Data Wrangling Report for WeRateDogs Twitter Archive¶

Introduction¶

This report describes the data wrangling steps performed in the preparation of the WeRateDogs (wrd) Twitter Archive dataset for analysis.

Gathering Data¶

3 different datasets were used for this project

  • a dataset containing the WeRateDogs Twitter archive was provided by Udacity for manual download
  • a dataset containing image predictions for each tweet (dog or not) was downloaded programmatically using the Requests library
  • a dataset containing tweet data in JSON format (including tweet ID, creation timestamps, retweet/favorite counts, full tweet text, etc) was gathered by querying the Twitter API for each tweet's JSON data using Python's Tweepy library

Assessing Data¶

The following issues were identified by assessing the data both visually and programmatically:

Quality issues

  1. erroneous data types (for timestamp, source, retweeted_status_timestamp columns) in wrd archive

  2. erroneous data types (for created_at, source, lang columns) in tweet data

  3. some dogs have values for multiple stages

  4. some dogs have no names

  5. p1, p2, and p3 contain names with inconsistent casing and separators (mixes uppercase and lowercase, mixes hyphens and underscores, and has some other non-letter characters like quotes)
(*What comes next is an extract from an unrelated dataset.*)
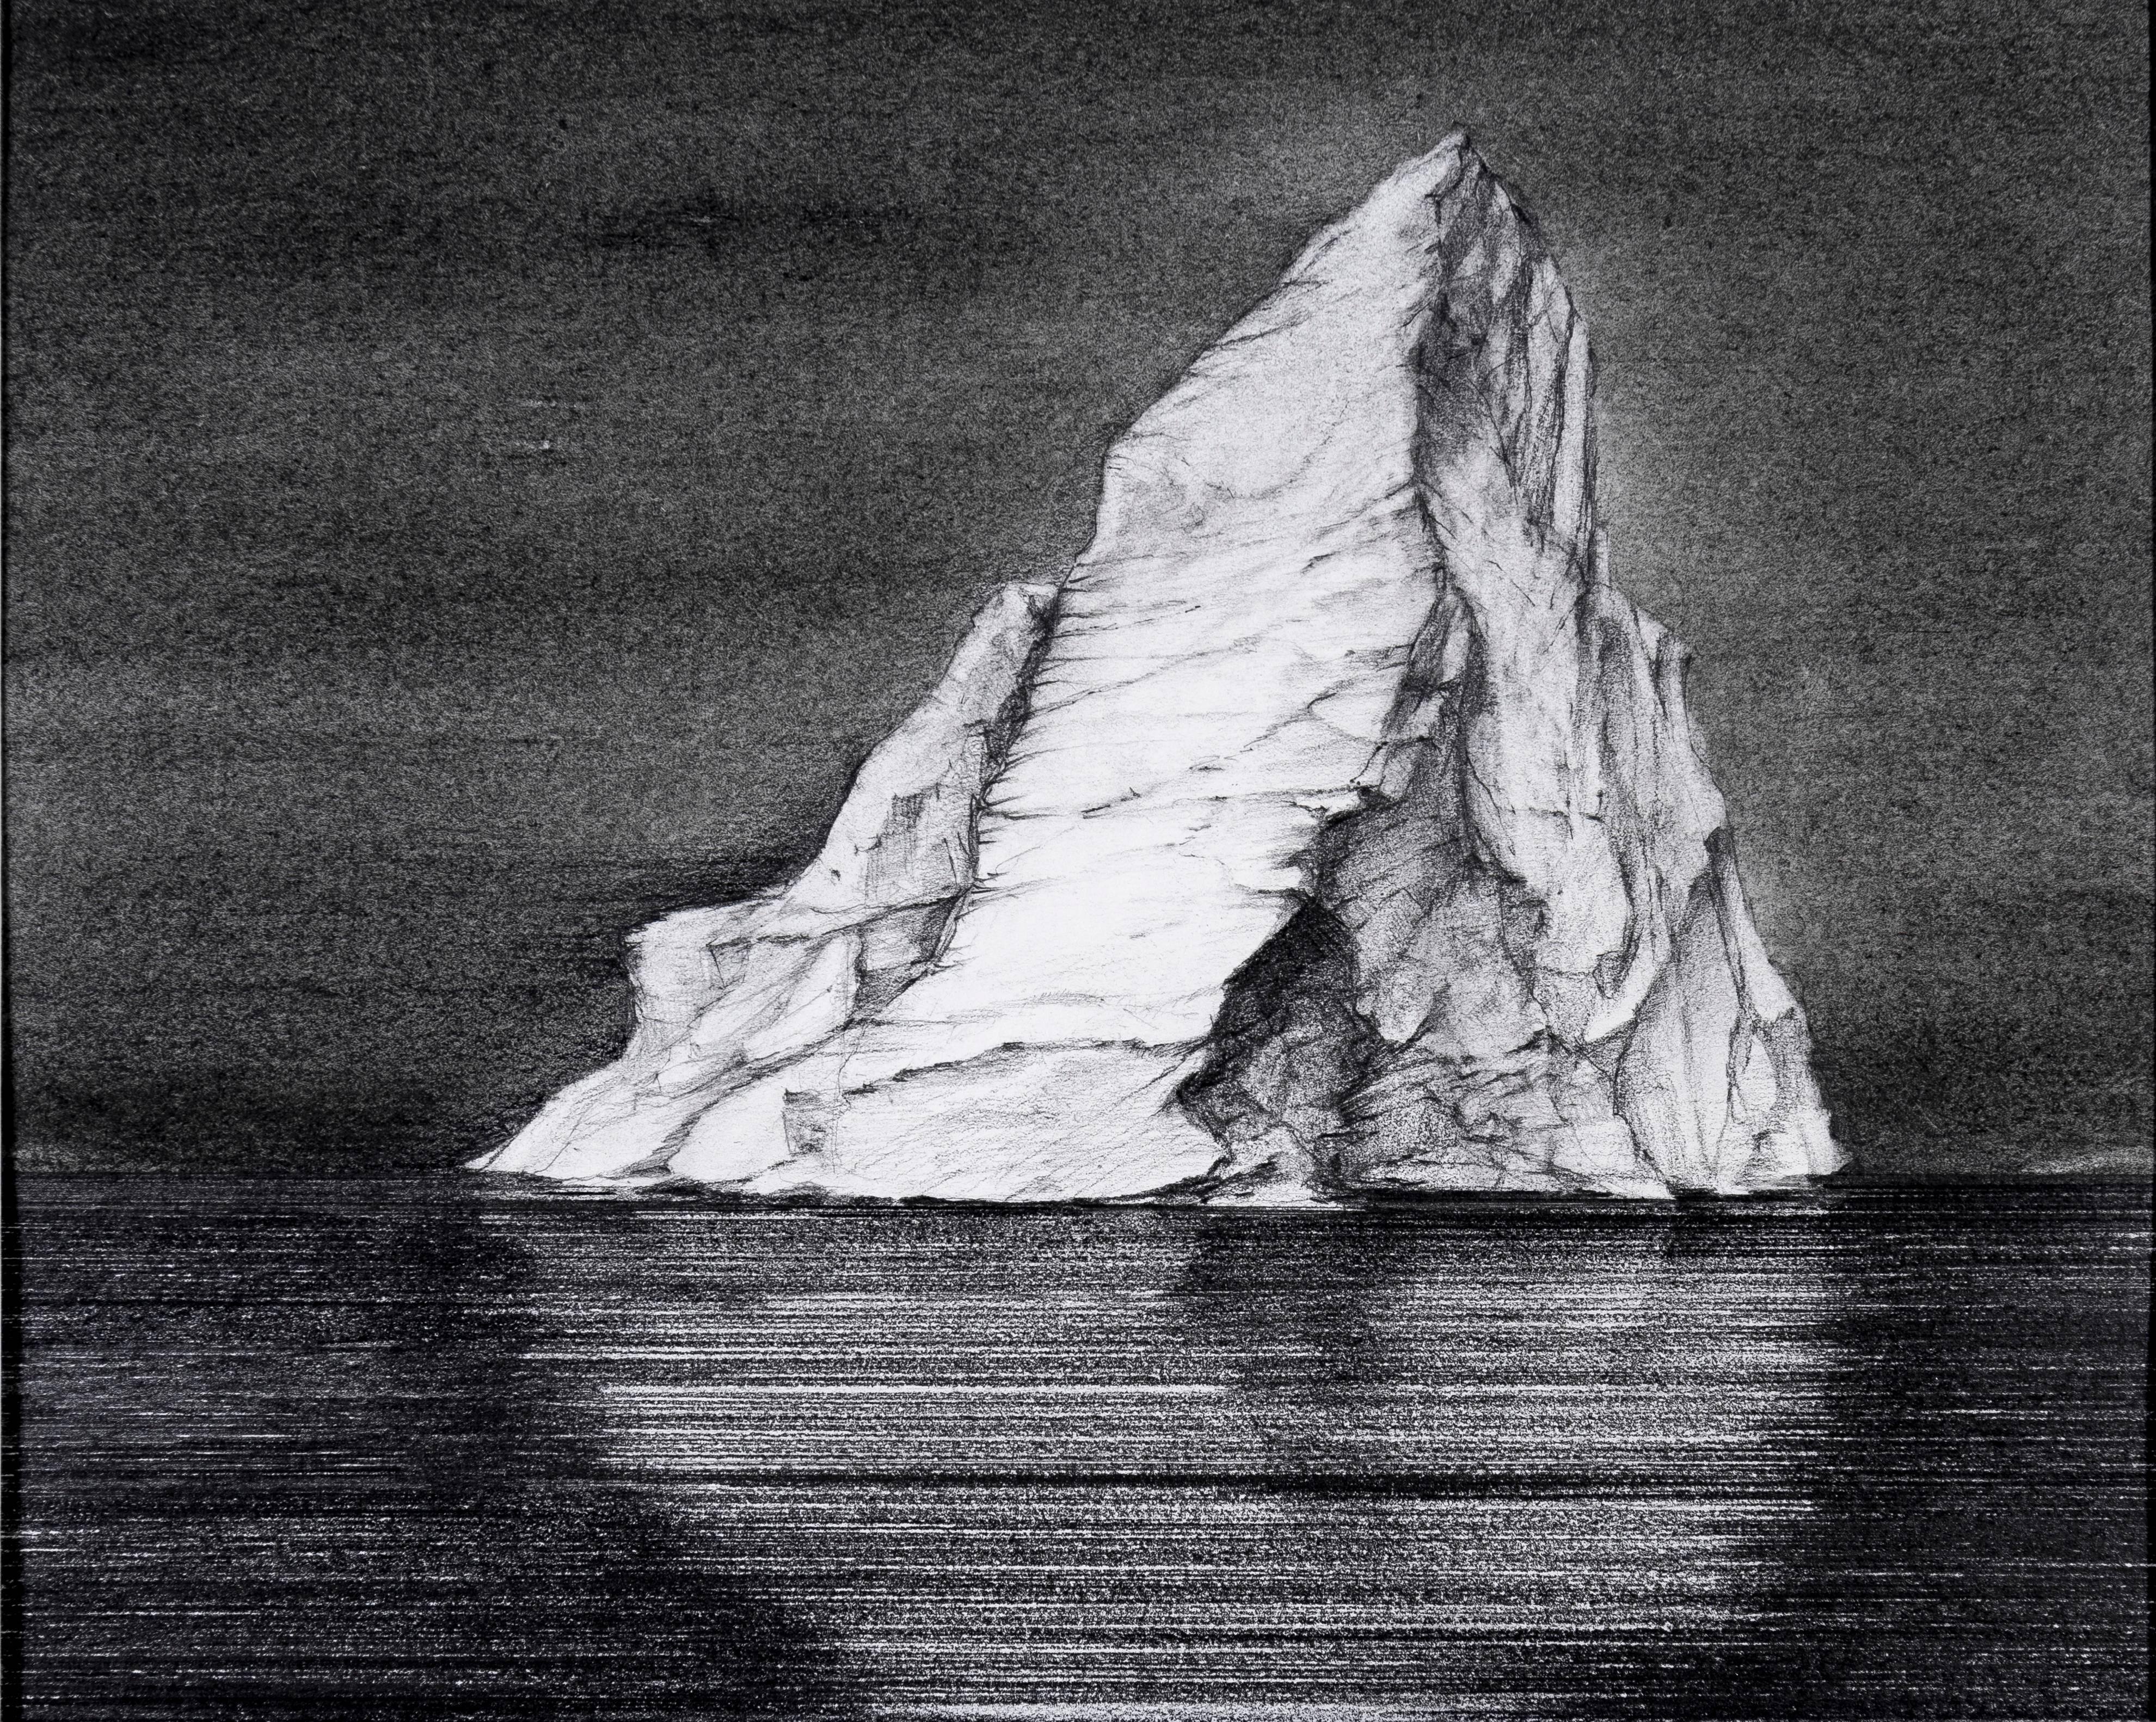 Juan Garcia-Nunez Landscape Art - Iceberg Drawing 4: Black and White Landscape Drawing of Iceberg in Water, Framed

  6. some rows are predicted to not be dogs at all even though they do contain dogs (saw "banana", and "china_cabinet", to name a few)

  7. some fields in tweet data are completely empty (geo, coordinates, contributors)

  8. duplicated urls in the expanded_urls column of the wrd archive

  9. dog names a and the are not real names

  10. some tweets are retweets

  11. inconsistent denominators for ratings

Tidiness issues

  1. all the 3 dataframes are part of the same observational unit (tweet info)

  2. wrd archive has 4 columns for the same "dog stage" observation (doggo, floofer, pupper, puppo)

  3. tweet data has columns that contain duplicated info (all column names that end with _str are just string versions of the same info in the column lacking the suffix)

  4. display_text_range in tweet data contains 2 sets of info

Cleaning Data¶

Cleaning was performed using the "Define, Code, Test" steps whereby the necessary cleaning steps are defined to the appropriate level of detail, followed by writing the code to implement the defined steps, and then writing more code to test the final outcome and confirm that the data has been cleaned correctly. The following cleaning steps were performed to address the identified quality and tidiness issues:

Cleaning Quality Issues¶

  • erroneous data types were fixed by converting to the appropriate data type. For the source columns, the contents of the HTML tags were extracted first and used as the categories.
  • for rows having values for multiple dog stages, the oldest dog stage was selected and the other values were replaced with None (python's null value).
  • missing values (and some obviously incorrect dog names) were replaced with None (python's null value)
  • empty columns were removed.
  • predicted names were cleaned by replacing all non-letter characters with underscores.
  • rows predicted to not be dogs were removed
    • this had some imprecision because some of those rows actually contained dogs, but the analyst decided it would be better to be sure that the non-dog rows were removed
  • duplicated urls were removed
  • tweets that were retweets and replies were removed
  • ratings were normalized by dividing the numerator by the denominator and then multiplying by 10

Cleaning Tidiness Issues¶

  • the 3 dataframes were merged into a single dataframe using the tweet_id column as the key
  • the 4 columns for the same "dog stage" observation in the wrd archive were combined into a single column named dog_stage where the values are the dog stage names or None (python's null value) if no dog stage value was available for that row.
  • all columns that end with _str were removed.
  • the contents of the display_text_range column were split into display_text_start and display_text_end columns.

Storing Data¶

The final cleaned dataframe was stored in a CSV file named twitter_archive_master.csv.